From the above comparisons we can say that EAP-ERP has high communication costs and Enhanced EAP-CRA has high computing costs. Therefore, we are expecting reasonable performance for Enhanced EAP-CRA due to the fact that communication overheads are normally more costly compared to the computational overheads.
The main advantage of the CRA mechanism is the use of only two messages to authenticate a wireless device in a FOREIGN network. Although the time taken between the FAS and the HAS may vary depending on the traffic and/or capacity of the wired network, the use of only two messages in a FOREIGN network makes the CRA mechanism very much reliable compared to other available techniques. Further, even if the foreign network uses a less secure authentication mechanism, it still will not affect the CRA clients since their MSKs are supplied by the HASs not-withstanding the limitations of the foreign network.
Another significant advantage of the CRA is its reliance on the HOME security credentials to secure its clients in the foreign network. Hence, it can be assured that the CRA clients will have the same security guarantee as in their home network in a foreign network. Further, in the case of EAP-TLS authentication with CA-signed PKI certificates, clients will need only one certificate signed by the CA and accepted by the HAS. There will be no need for clients to carry a number of different certificates to authenticate with different networks. Hence, in this context, the CRA facilitates EAP-TLS authentication and makes it more practical and viable.

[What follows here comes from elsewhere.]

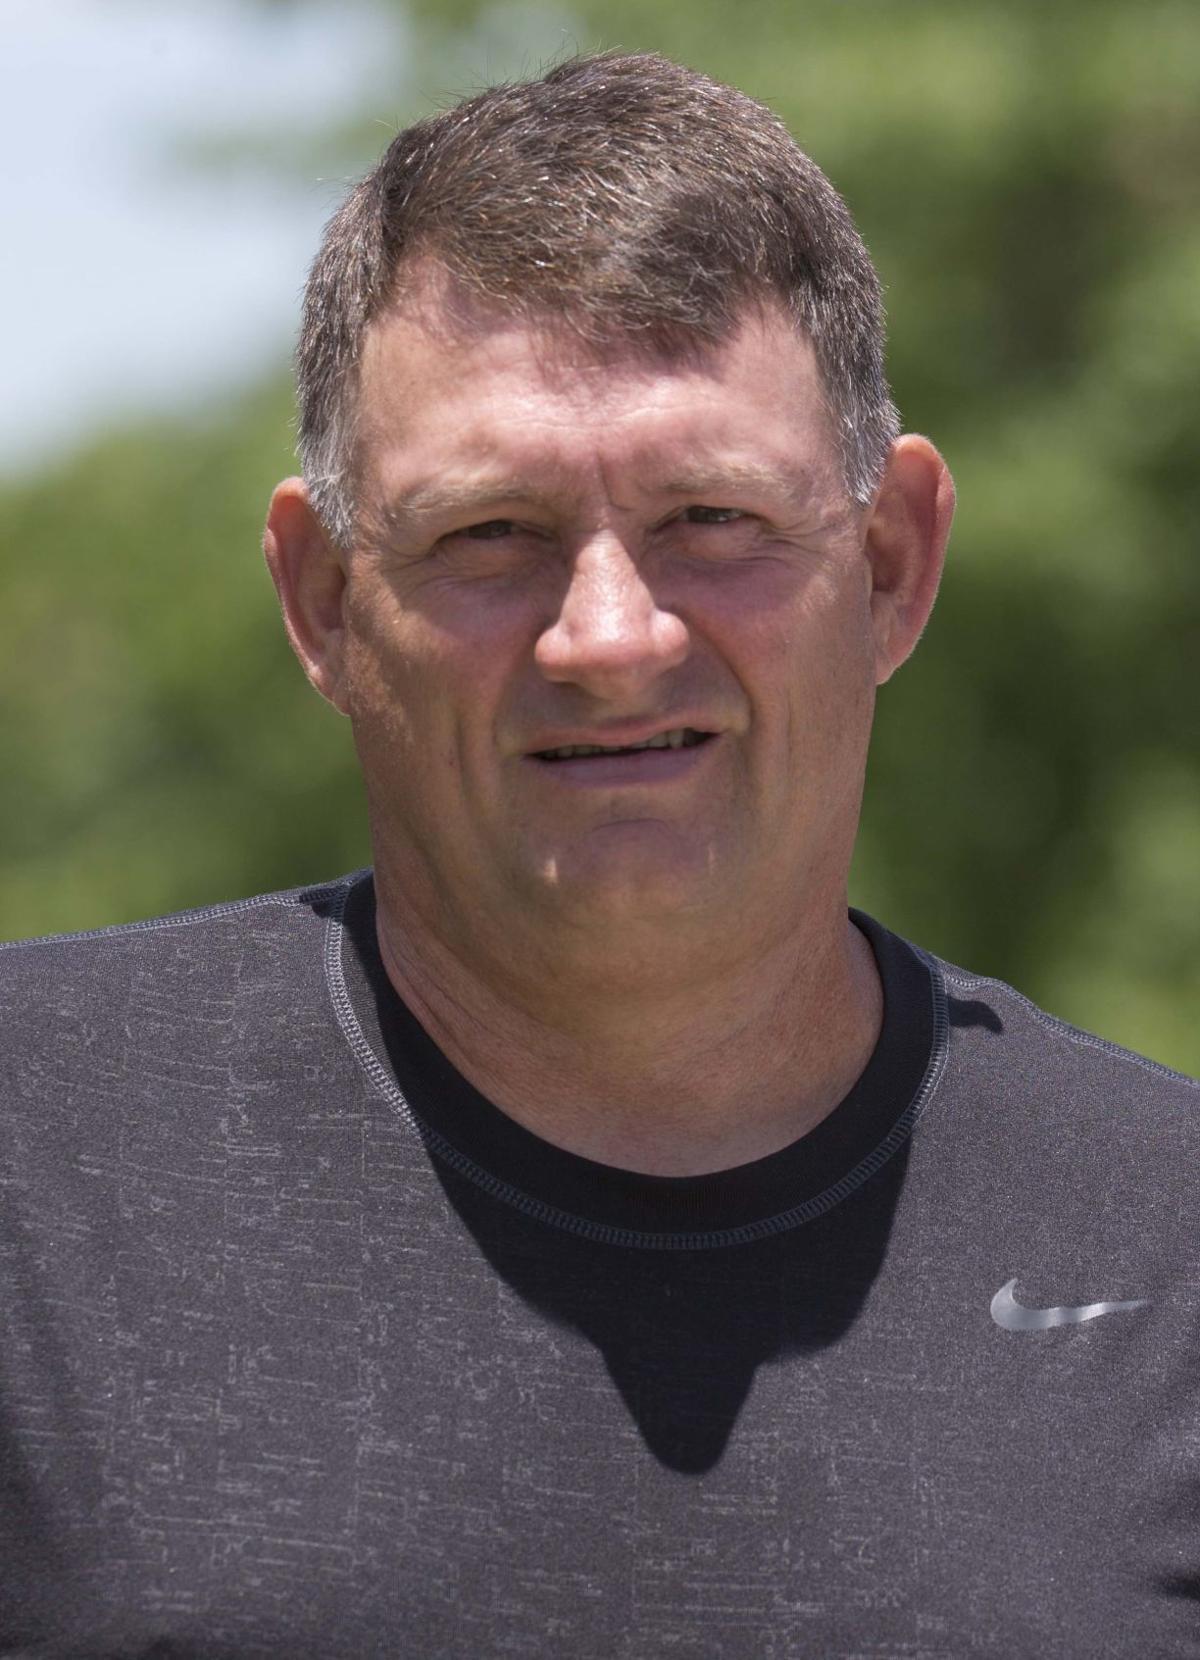 Wayne County Wildcats: Wayne County uses playoff loss as 2018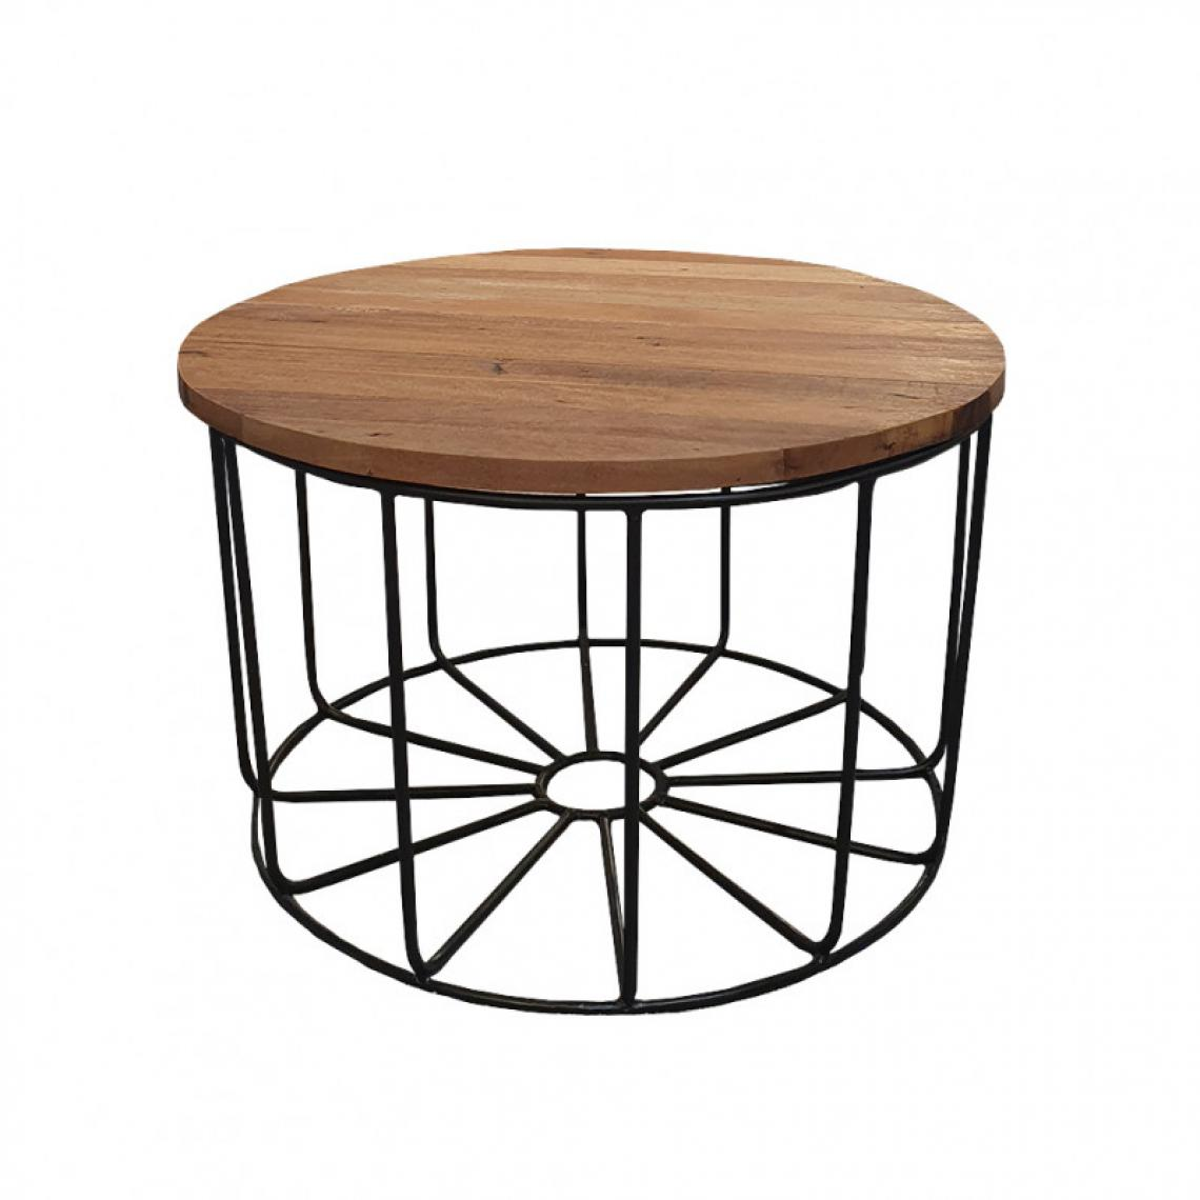 Meubletmoi Table basse ronde en métal et plateau amovible en teck D.65 cm - TEKO

Although there are many other techniques proposed for coordinated authentication, the triumph of the CRA technique is its simplicity, robustness and versatility. Unlike many other systems that require additional components such as a token management system or the Kerberos servers, the CRA depends only on the existing infrastructure, hence, assuring simplicity. The use of existing CA-signed PKI certificates without necessitating other authentication mechanisms such as tokens or smart cards enables the CRA mechanism to be confined. Further, the CRA mechanism is not limited to WLAN, WiMAX or 4G LTE, it can be effectively used with any wireless network, harnessing the unique security features of that particular wireless network. Furthermore, the authentication mechanism (EAP-TLS, EAP-TTLS, EAP-PEAP etc.) used by the wireless network does not influence the CRA mechanism because it does use any form of mappings between these protocols.
On the negative aspect, the effectiveness of the CRA mechanism will depend on the mutual trust established between the participating AAA servers. If the AAA servers do not have any form of prior agreement, it will be up to the discretion of FAS whether to accept or deny a CRA request.